#### SUPPLIED INFORMATION:
*****

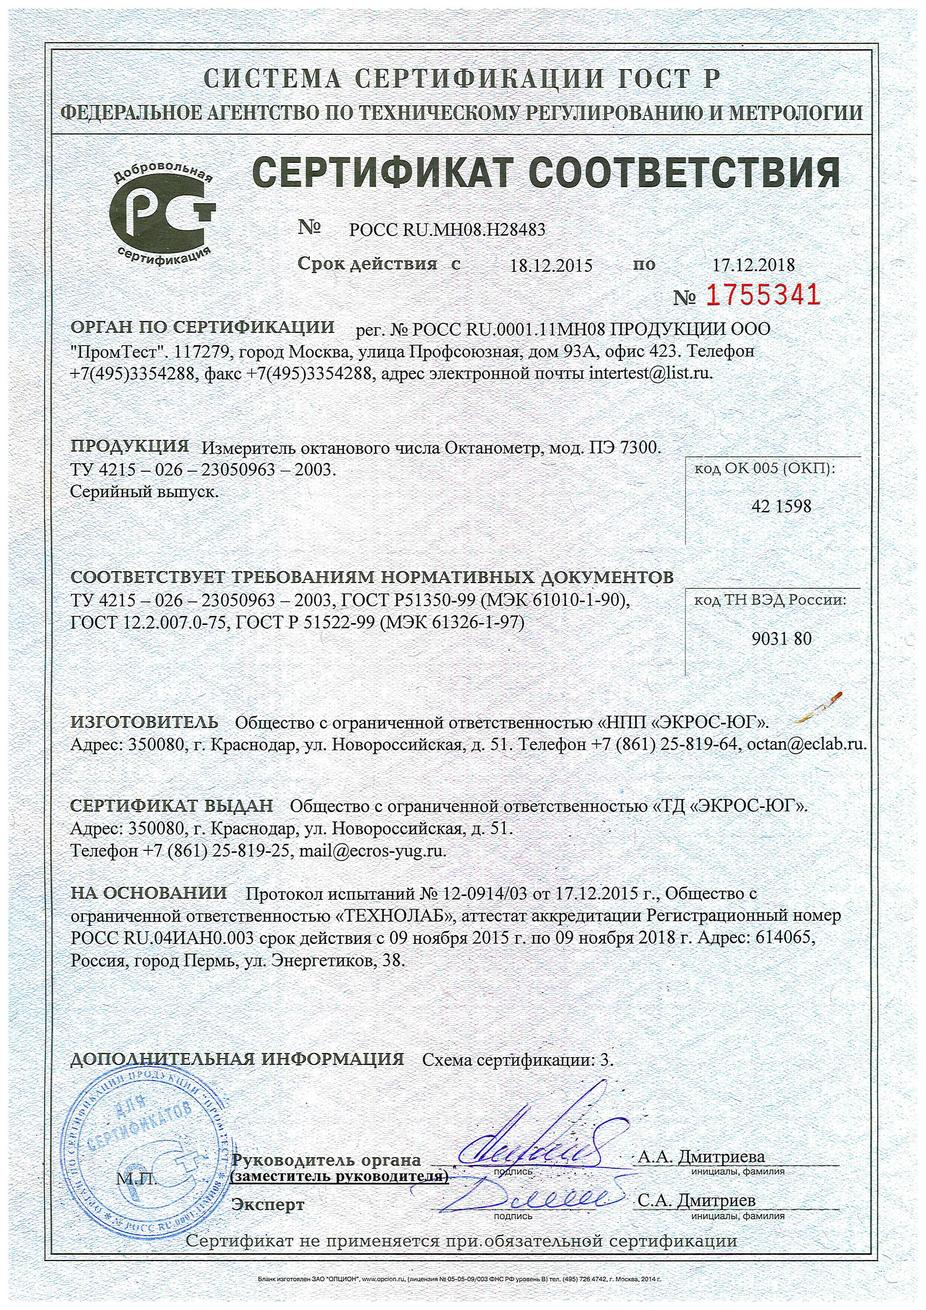 Сертификат соответствия на октанометр
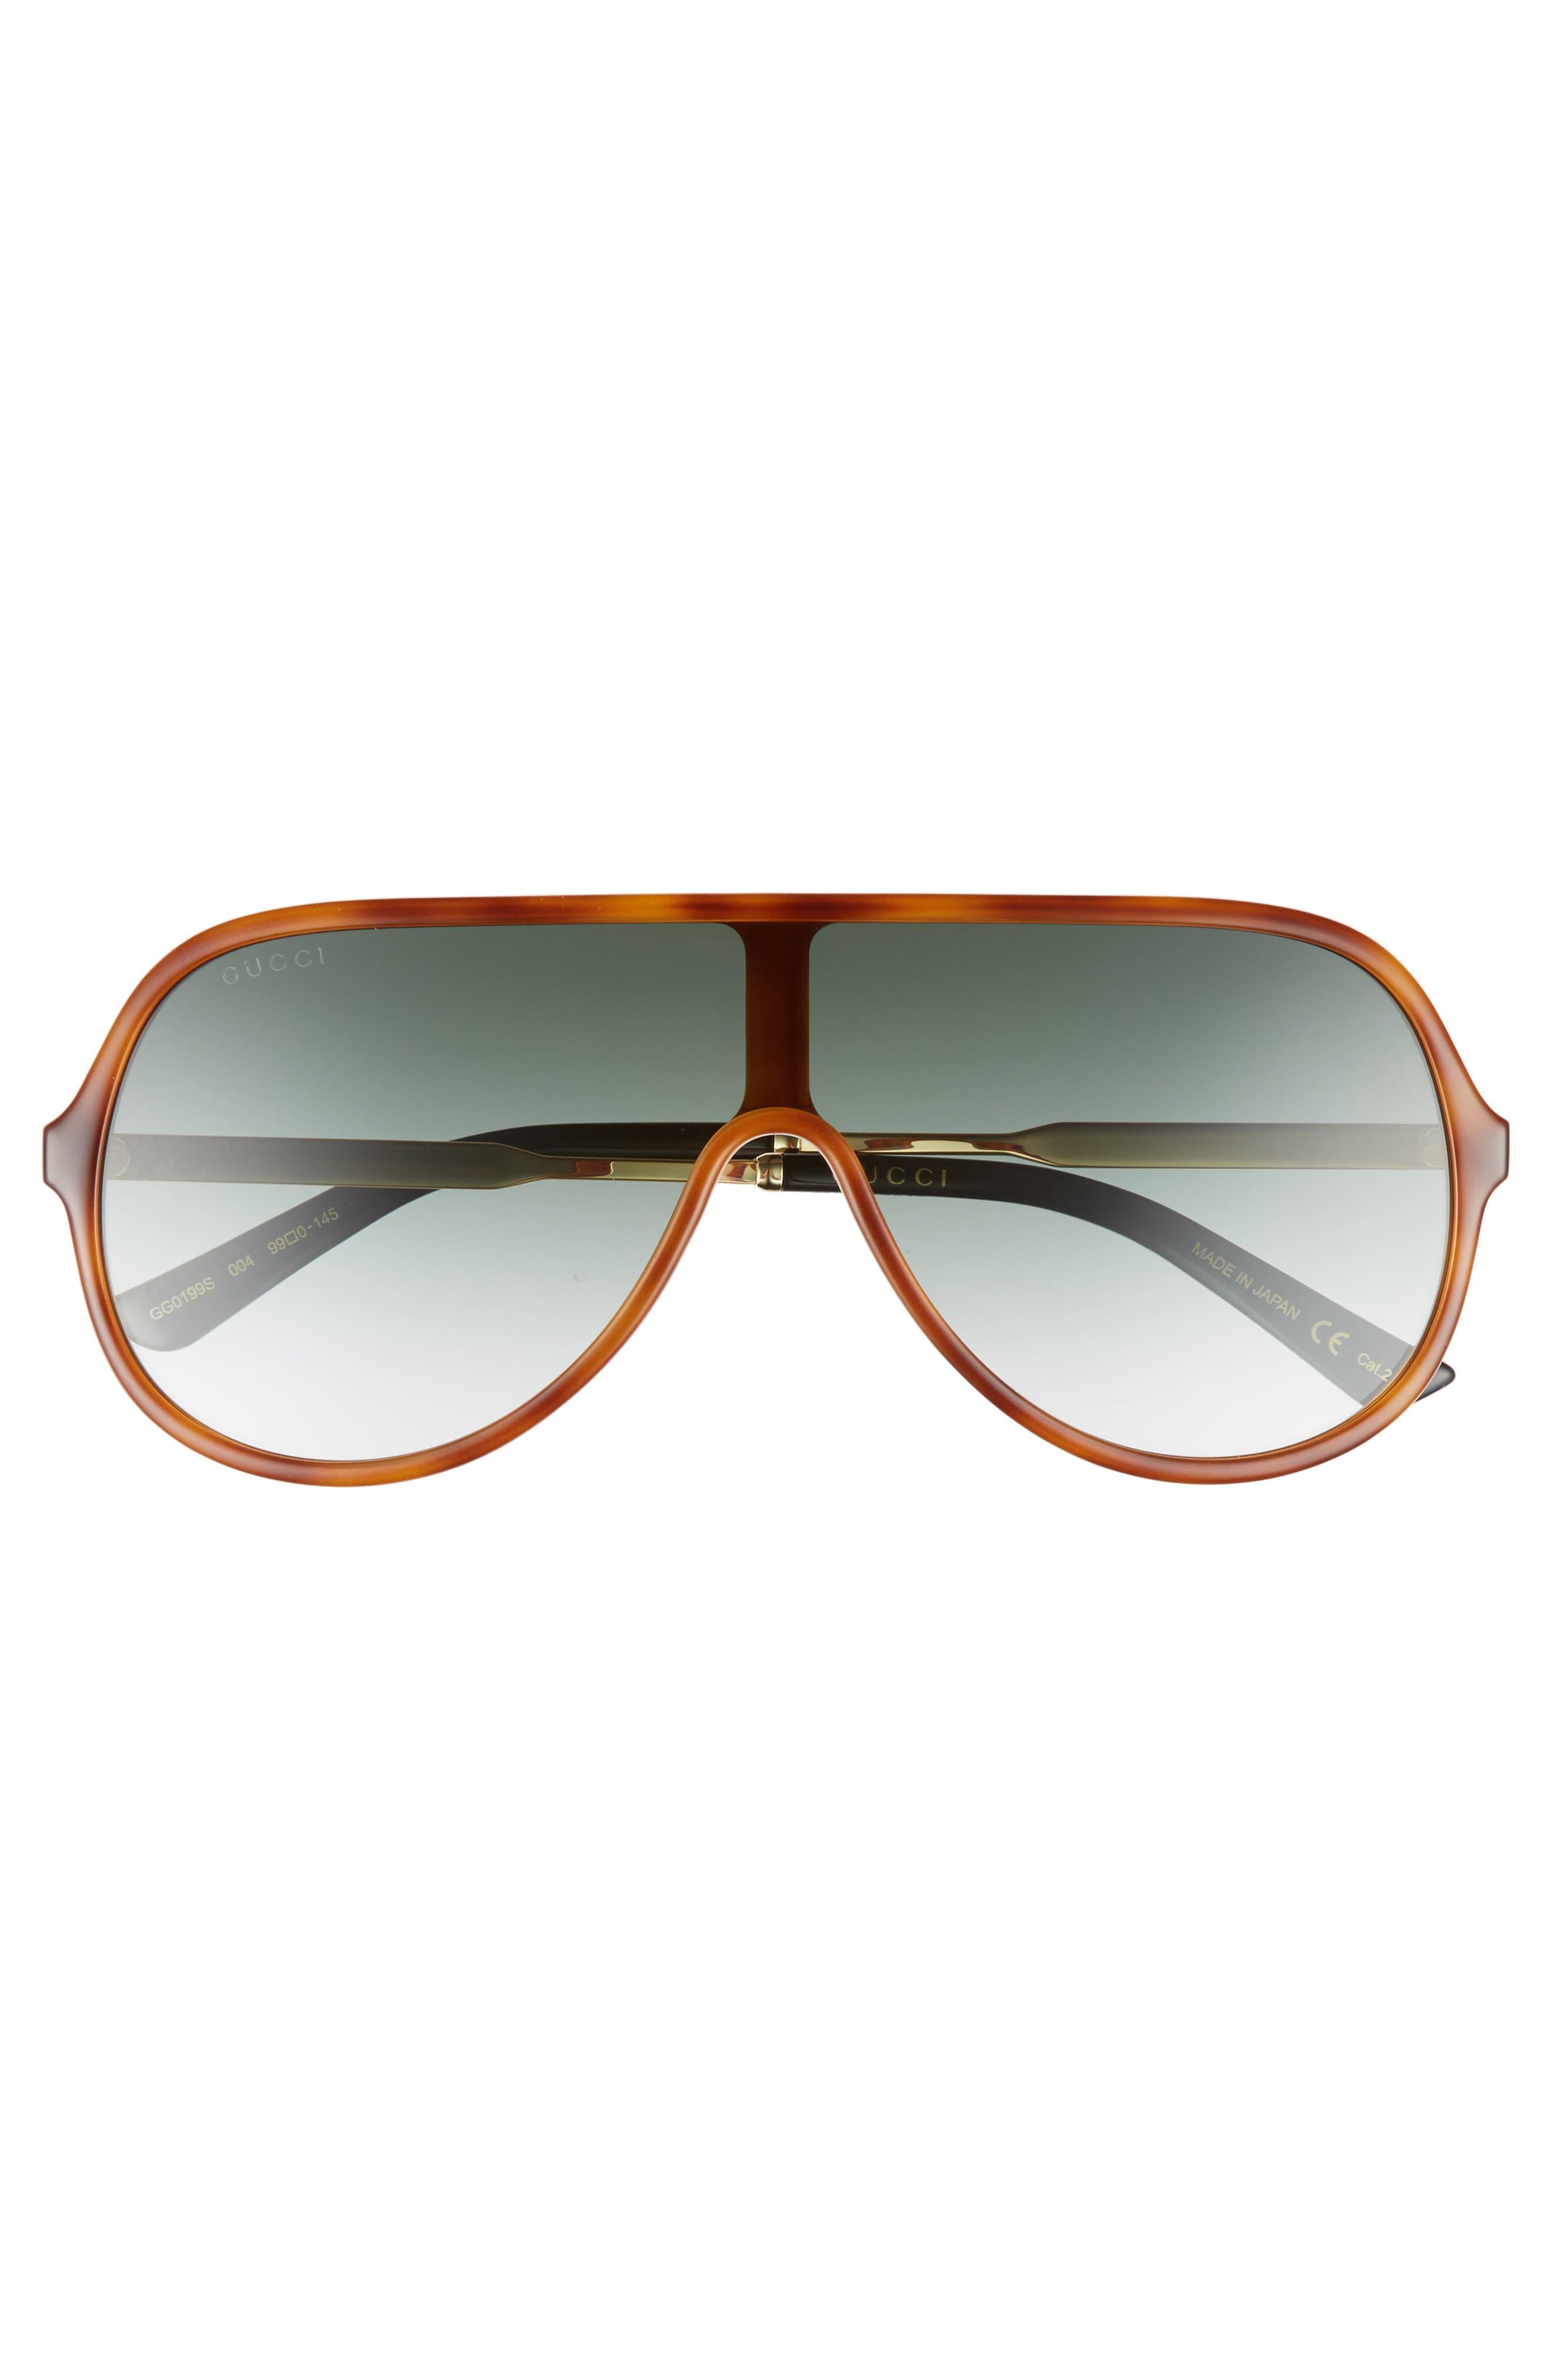 Alternate Image 2  - Gucci 99mm Oversize Shield Sunglasses
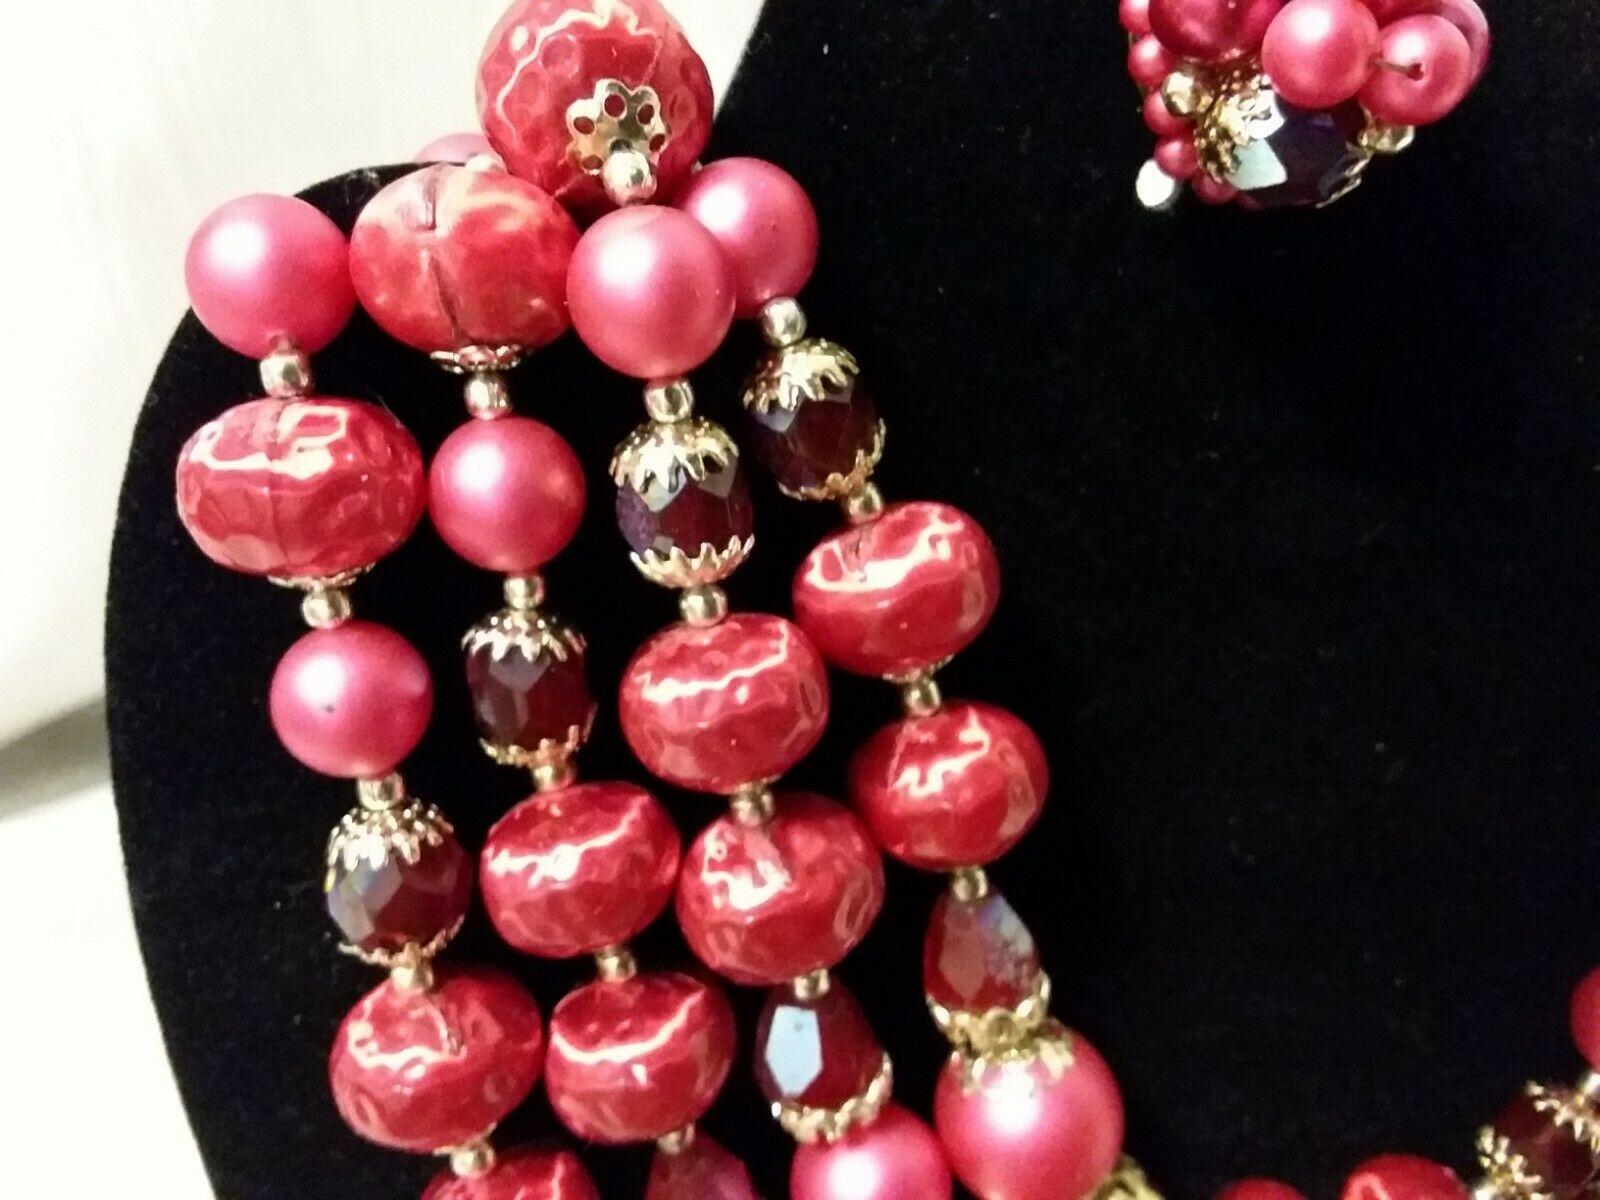 Vintage MadMen 4 Strand Graduated Glass? Bead Bib Necklace & Clip Earrings Japan

*****

Reproduce word for word the lines from the one containing "Alternate Image 2" through the end of the data, both ends kept. Drop the pictures.

 Alternate Image 2  - Gucci 99mm Oversize Shield Sunglasses
 Vintage MadMen 4 Strand Graduated Glass? Bead Bib Necklace & Clip Earrings Japan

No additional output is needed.